Книги

Зулали

22
18
20
22
24
26
28
30

Каро, муж Наны, был младшим, долгожданным ребенком. Когда он родился, Анке было восемнадцать, а Осанне – пятнадцать. Вторые роды у свекрови случились очень сложными, потому вердикт врачей надежды на новую беременность не оставлял. Но прошло четырнадцать лет, и свекровь не иначе как чудом понесла, а в положенный срок разрешилась здоровым, хорошеньким кареглазым мальчиком. Птичий Поильник на радостях закатил большой пир, на котором гуляла чуть ли не вся деревня. Не приглашенными остались лишь родственники Наны, с которыми он на протяжении всей жизни с упоением скандалил. Причиной вражды стала история полуторавековой давности: однажды прапрабабка Наны, известная на всю округу знахарка и колдунья, сглазила домашнюю живность прабабки Птичьего Поильника. Живность от ее сглаза сдохла, а козел прабабки сошел с ума и убежал за перевал, где, среди неприступных горных вершин, и провел остаток жизни в статусе свободного горного аксакала.
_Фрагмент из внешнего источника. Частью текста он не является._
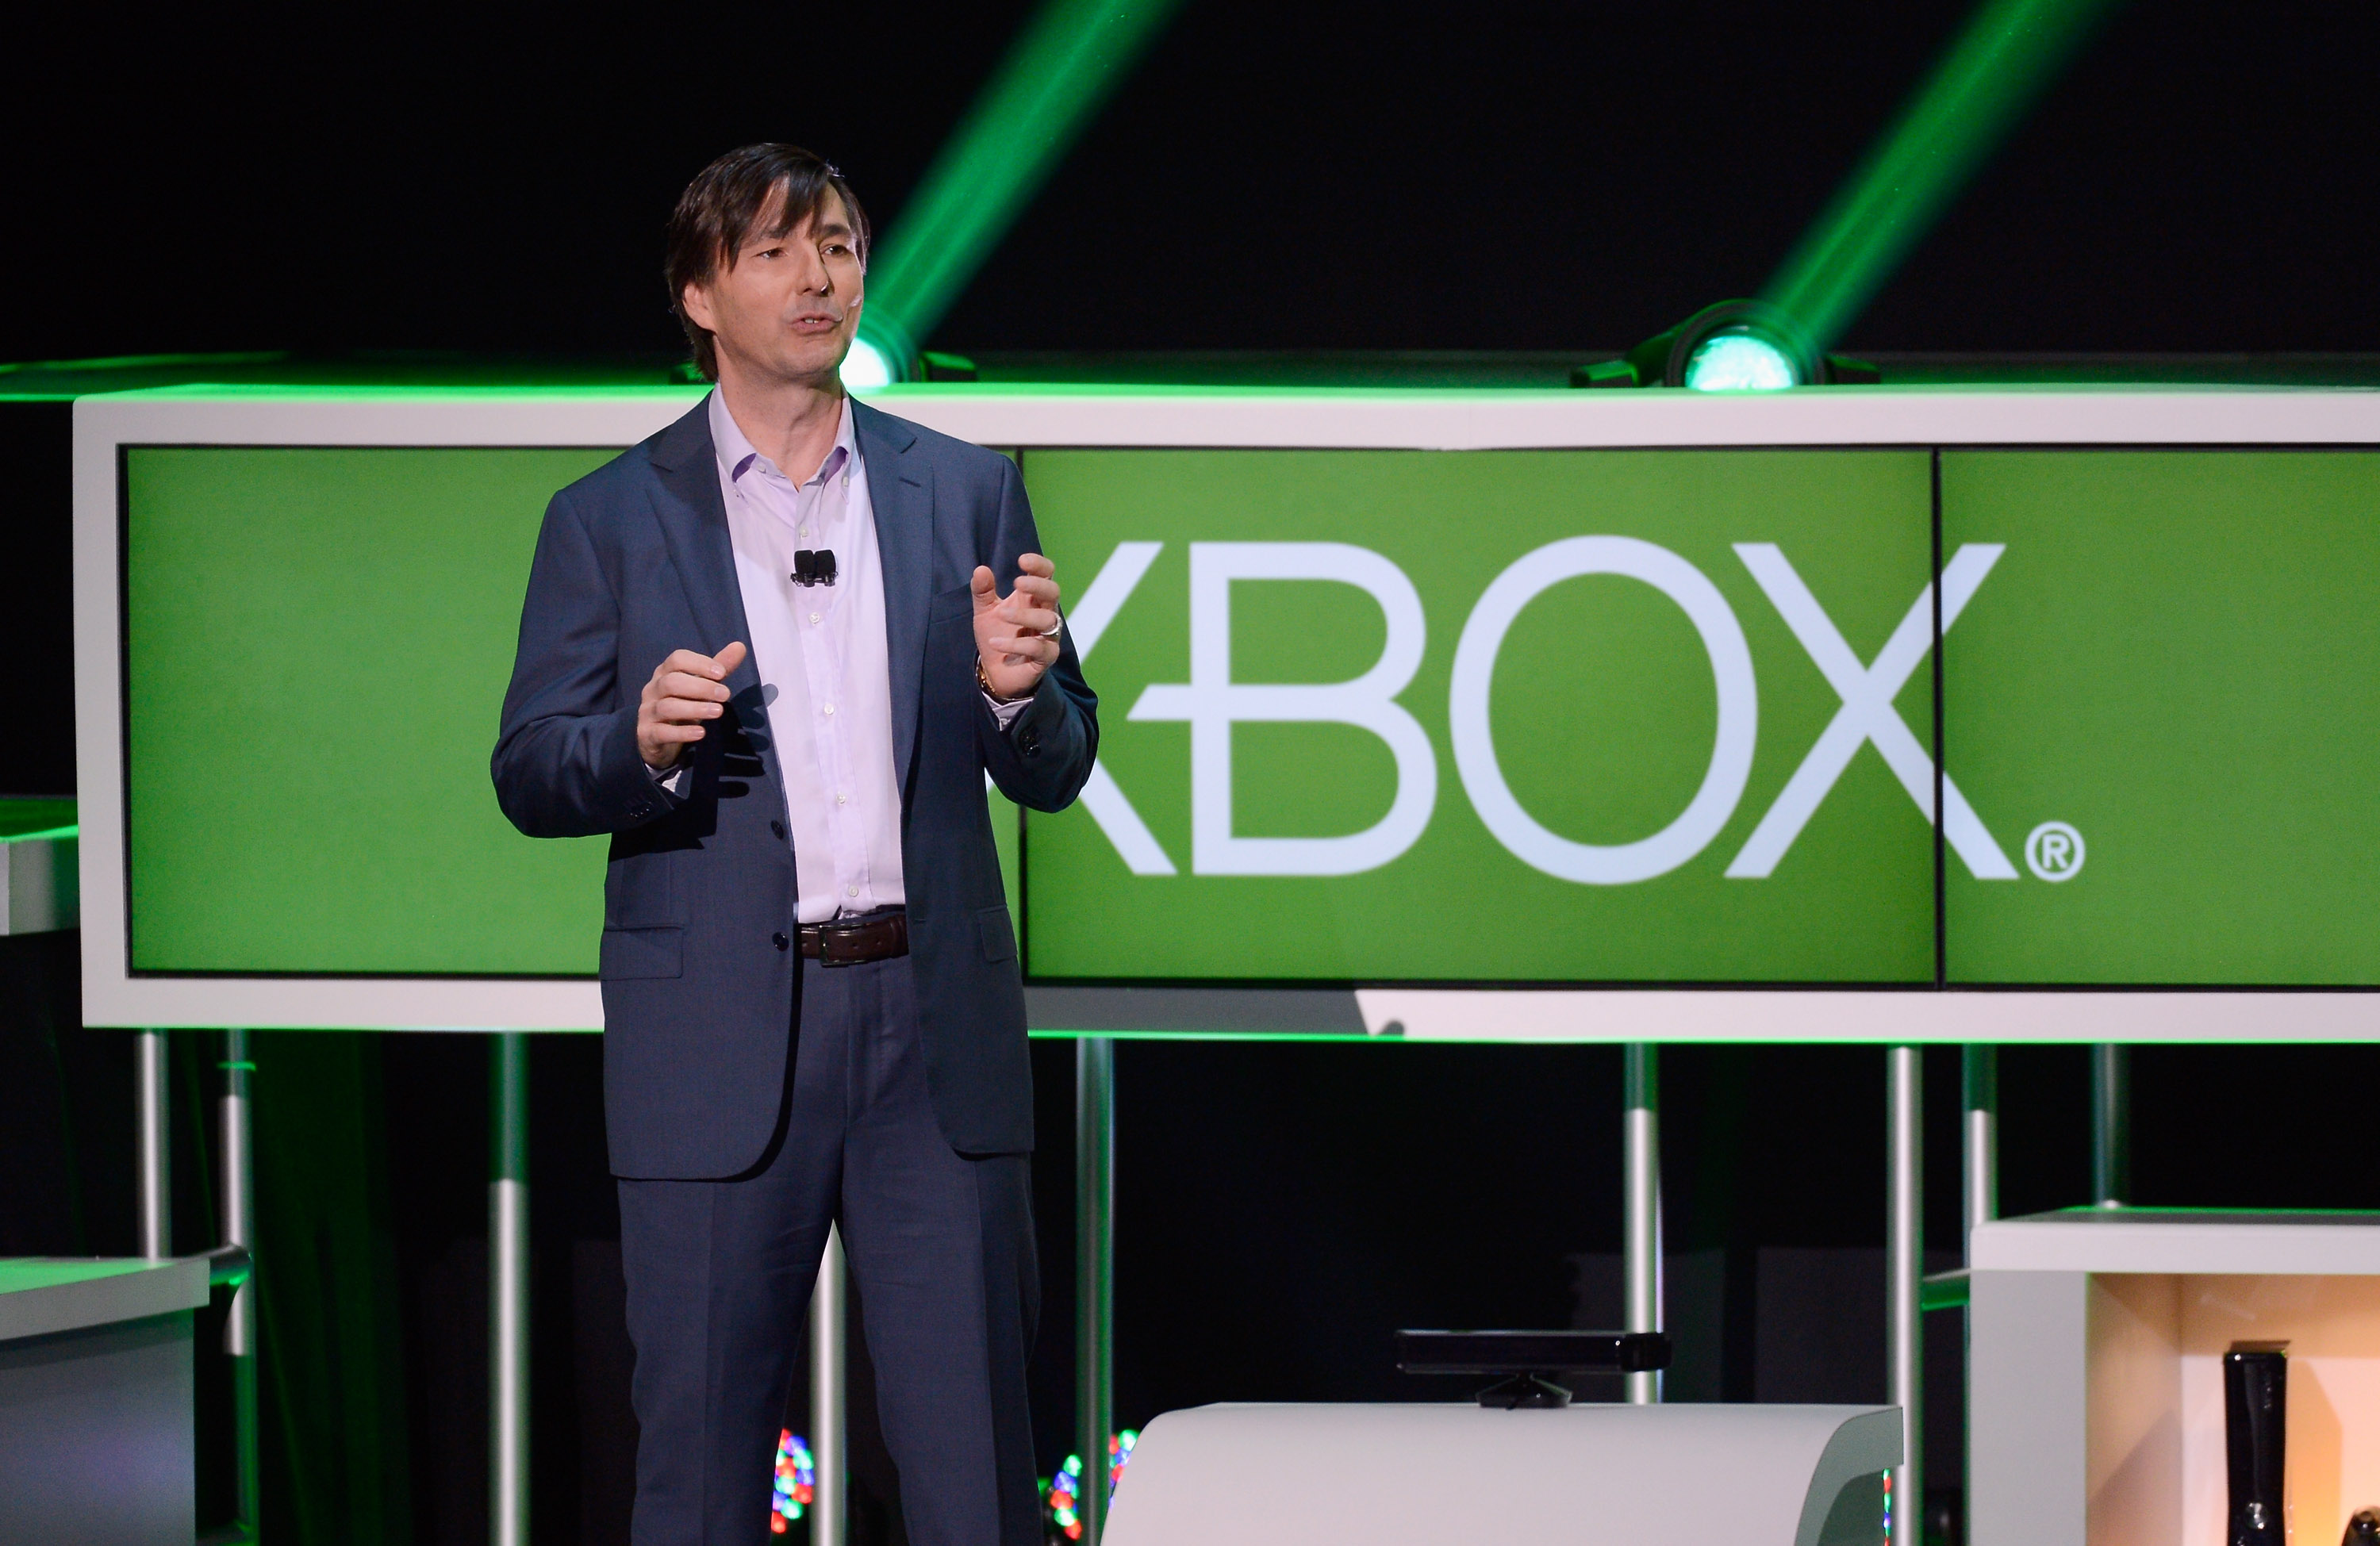 Microsoft Holds News Briefing Ahead Of E3 Conference

Вражда между семьями тогда разгорелась нешуточная, однажды дед Птичьего Поильника даже был застукан за попыткой поджечь дом знахарки, но дело до суда не дошло – прапрабабка Наны великодушно его простила и отпустила восвояси. Никто из деревенских не знал причины сглаза – знахарка слыла женщиной справедливой и беззлобной, но ходили слухи, что прабабка Птичьего Поильника сама напросилась, подсыпав в корм коней знахарки крестовник и чемерицу, от которых, как известно, животные умирают в тяжелых мучениях. Правды спустя почти сто пятьдесят лет никто бы не рассказал, но неприязнь между семьями так и осталась, притом подпитывалась она исключительно злопамятностью Птичьего Поильника, не упускавшего возможности при любом случае припомнить родственникам Наны о недостойном поведении их прабабки. Родственники крутили пальцем у виска и на всякий случай держались от Птичьего Поильника на расстоянии, считая его сумасшедшим. Нана узнала о вражде уже после знакомства с Каро – ее родители, получив повышение по службе, переехали в райцентр и давно забыли об этой истории. Вспомнили о ней, когда сообразили, кого их дочь определила себе в женихи. Впрочем, отнеслись они к ее выбору благосклонно, отец даже обрадовался – мало ли, вдруг эта свадьба станет счастливой возможностью навсегда покончить с нелепой неприязнью между потомками двух неуступчивых старух.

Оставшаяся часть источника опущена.